3.7. Cross-Validation and Hyperparameter Optimization

The fundamental issue with the data splitting method is how to split the data appropriately; improper data splitting can result in an excessively high variance or bias in model performance [85]. However, the ratio of data between the training and testing datasets was already set at 78% to 22%. Therefore, cross-validation, a common technique for balancing the bias and variance of a model, was employed to reduce the possibility of high variance or bias in the model’s performance [86]. In Figure 5, after extracting features from every 5 min window, we applied a k-fold cross-validation method to the training dataset. There is no standard rule for selecting the value of k. However, increasing the value of k reduces the size of the test set, resulting in less precise and more coarse performance metric measurements. Because of this, the data mining community appears to agree that k = 10 is an acceptable compromise. This value of k is particularly favorable because it makes predictions using 90% of the data, making it more likely to generalize to the full dataset [87]. In this study, we chose the 10-fold cross-validation method, which splits the dataset into 10 groups, or folds, of approximately equal size. One fold served as a holdout or validation set for each iteration, while the remaining nine folds served as the training set. Furthermore, the ten iterations utilized all folds for training the model. The model, which was trained using the training set, was validated using the validation set, resulting in an accuracy score for each iteration. The average of all the accuracy scores was the cross-validation accuracy score, or the accuracy score of the training dataset. We use the term “accuracy of the training dataset” in the performance metrics report.

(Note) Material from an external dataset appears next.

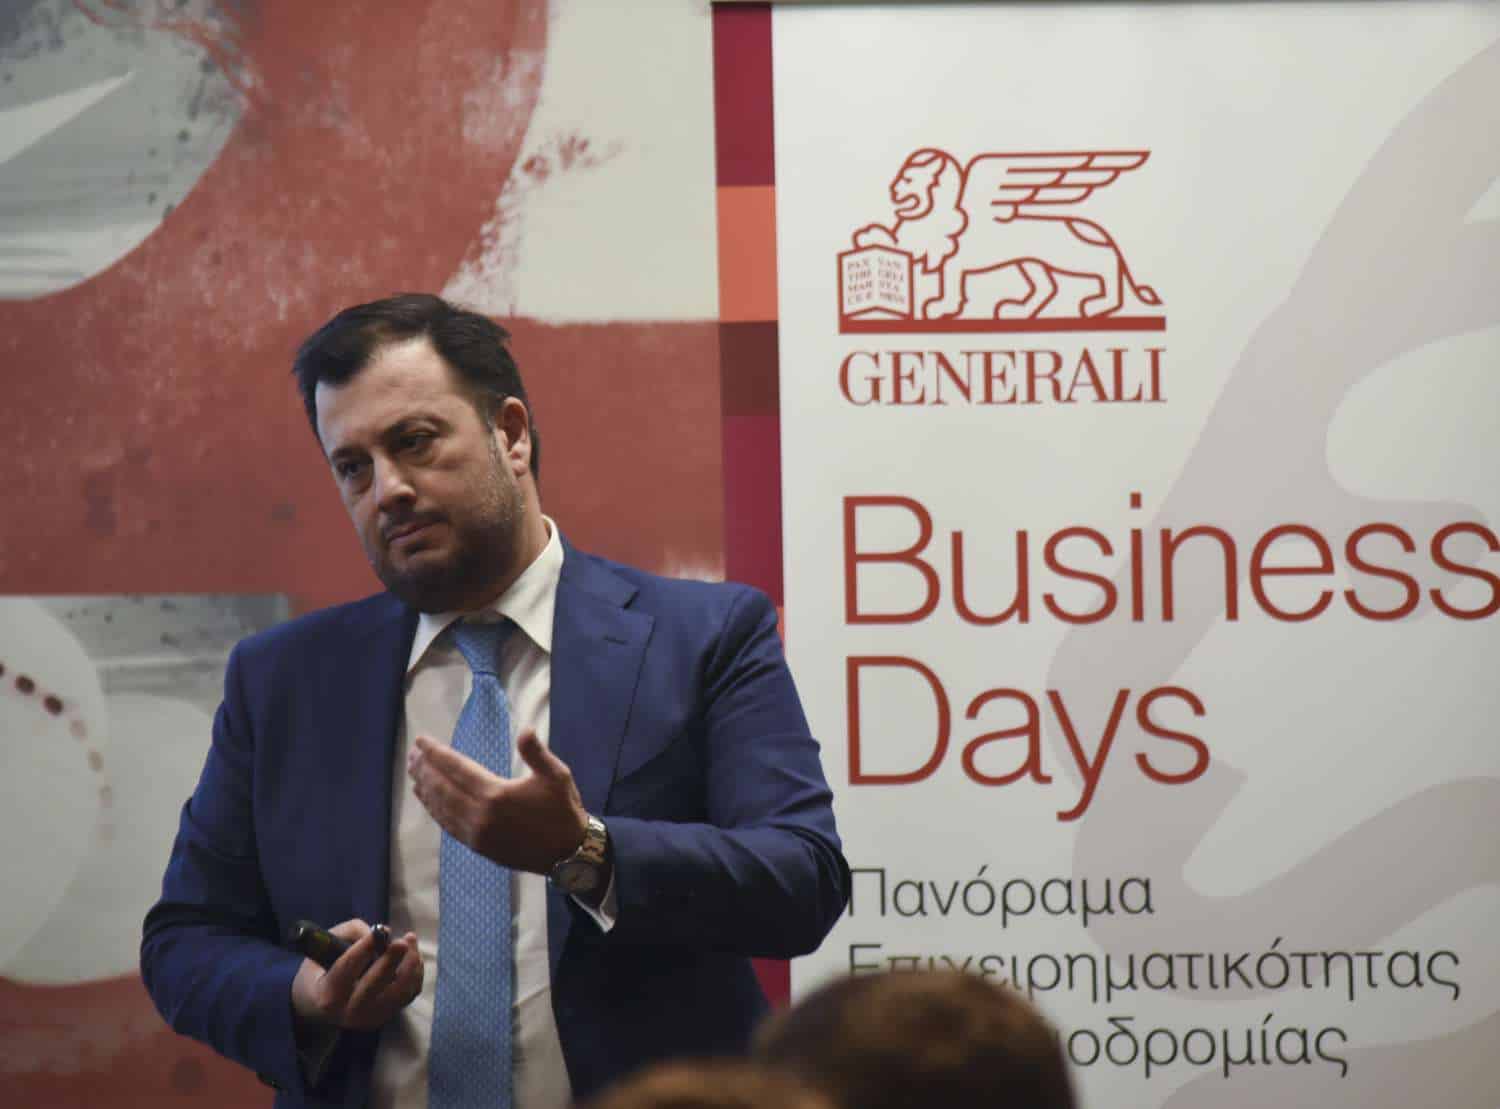 Generali Business Days 2019: H νέα γενιά υποδέχεται την ασφάλιση του αύριο!
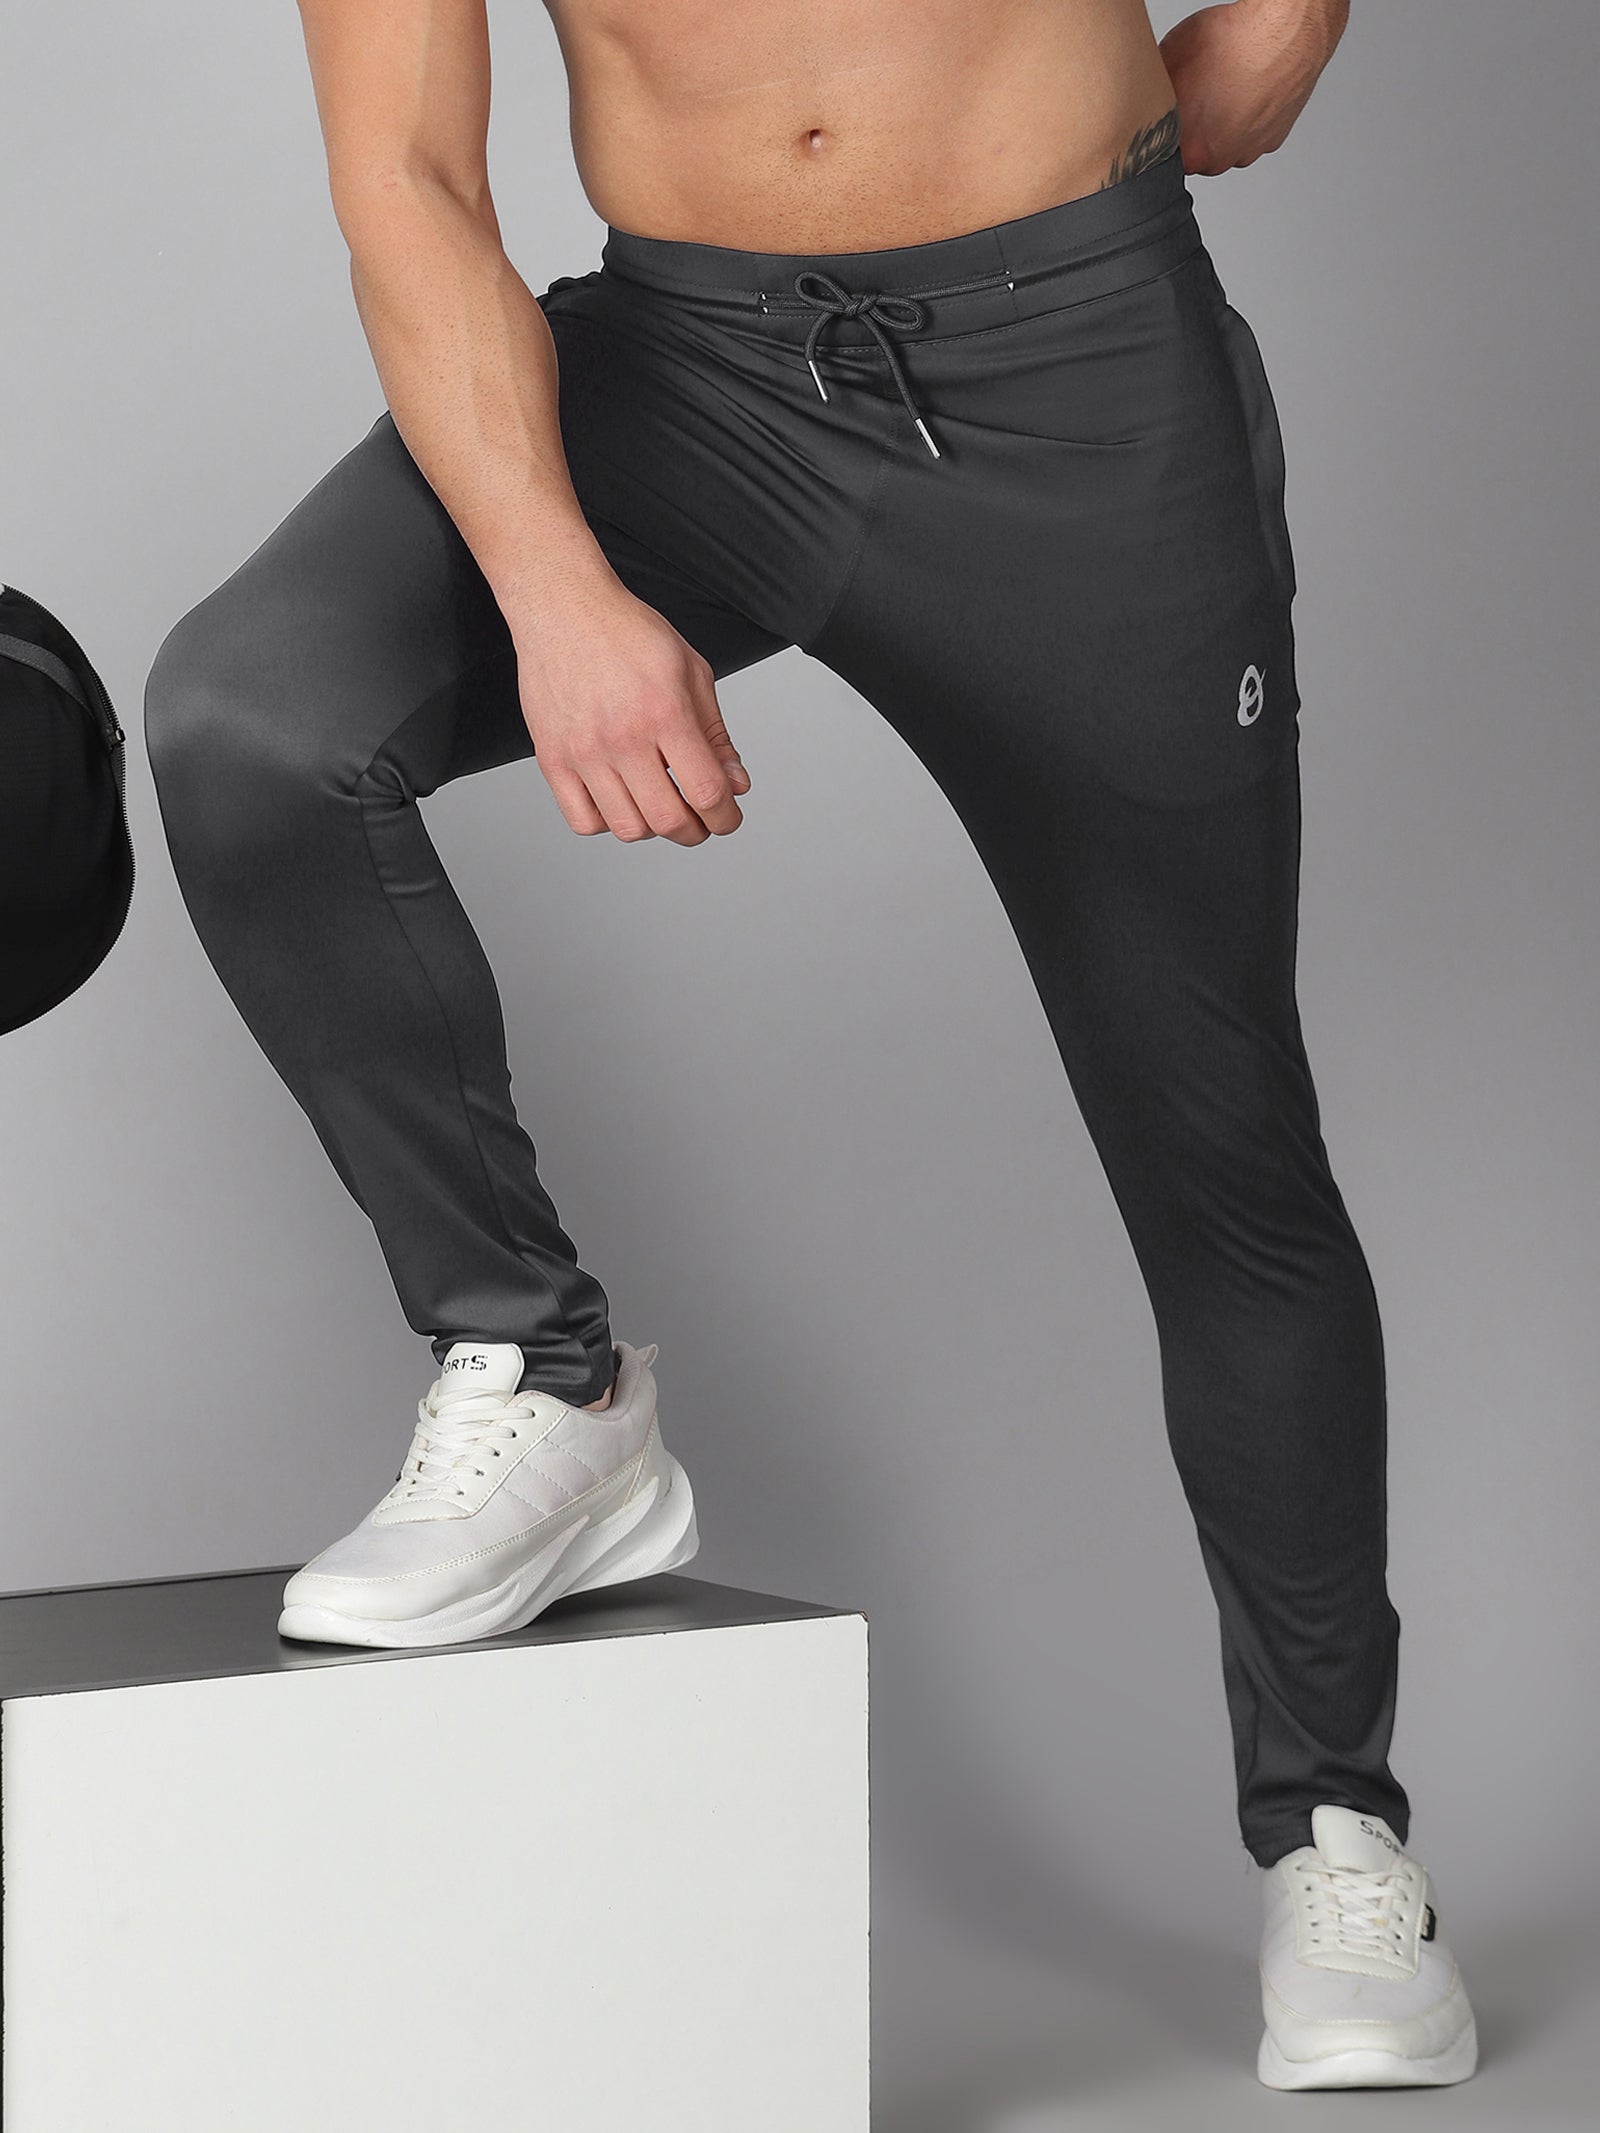 WSSBK New Pants Men Sport Sweatpants Running Pants Men Fitness Joggers  Track Pants Slim Fit Pants Bodybuilding Trouser (Color : D, Size :  XXXX-Large) price in UAE | Amazon UAE | kanbkam

In a machine learning model, there are two types of parameters: model parameters, which can be estimated by fitting training data to the model and then updated as the model learns, and hyperparameters, which define the model architecture and must be specified before training. Hyperparameter optimization is a method of constructing the best model architecture with the optimal hyperparameter configuration. Optimized hyperparameters can significantly increase the model’s performance [88]. In [89], various hyperparameter optimization algorithms were given. As shown in Figure 5, we selected the grid search strategy for hyperparameter optimization because it is simple to implement and can be executed in parallel. Grid search is one of the most popular techniques for hyperparameter optimization. It is a brute-force approach that evaluates each hyperparameter combination in the grid of hyperparameters, whose values are specified manually by the user [88]. Table 6 shows the grid search hyperparameters used for hyperparameter optimization. Hyperparameter optimization combined with the cross-validation method was used to optimize the trained model and yield the final model with the optimal hyperparameters. Later, the final model was evaluated using the testing dataset. Several performance metrics were used to evaluate the model’s performance, such as accuracy, area under the curve, F1 score, precision, sensitivity, and specificity.

4. Results and Discussion

This section presents the results of 40 possible scenarios employed in the proposed driving fatigue detection framework. These scenarios, described in Table 7, combine five resampling scenarios, two feature extraction method scenarios, and four ensemble learning model scenarios.

This section is split into four subsections that present and discuss the results. Section 4.1 and Section 4.2 analyze the effects of different resampling methods and the number of features used in the driving fatigue detection framework on the model’s performance. Section 4.3 discusses the considerations in selecting the models that were applied in the proposed driving fatigue detection framework and compares the proposed driving fatigue detection framework to other driving fatigue detection studies. Section 4.4 discusses future work directions.

4.1. The Effect of Various Resampling Methods on the Model’s Performance

As shown in Table 3 and Table 7, there are five resampling scenarios: NoR, RO, ROW210, ROW240, and ROW270, which are analyzed and discussed. In this subsection, we focus on analyzing the other four resampling scenarios: RO, ROW210, ROW240, and ROW270, which resampled the training dataset. To describe the effect of the four resampling methods on the model’s performance, we present Table 8, showing comprehensive accuracy results for the four resampling scenarios, and Figure 6 and Figure 7, showing the accuracy performance of the four classification models with twenty-nine features and fifty-four features, respectively.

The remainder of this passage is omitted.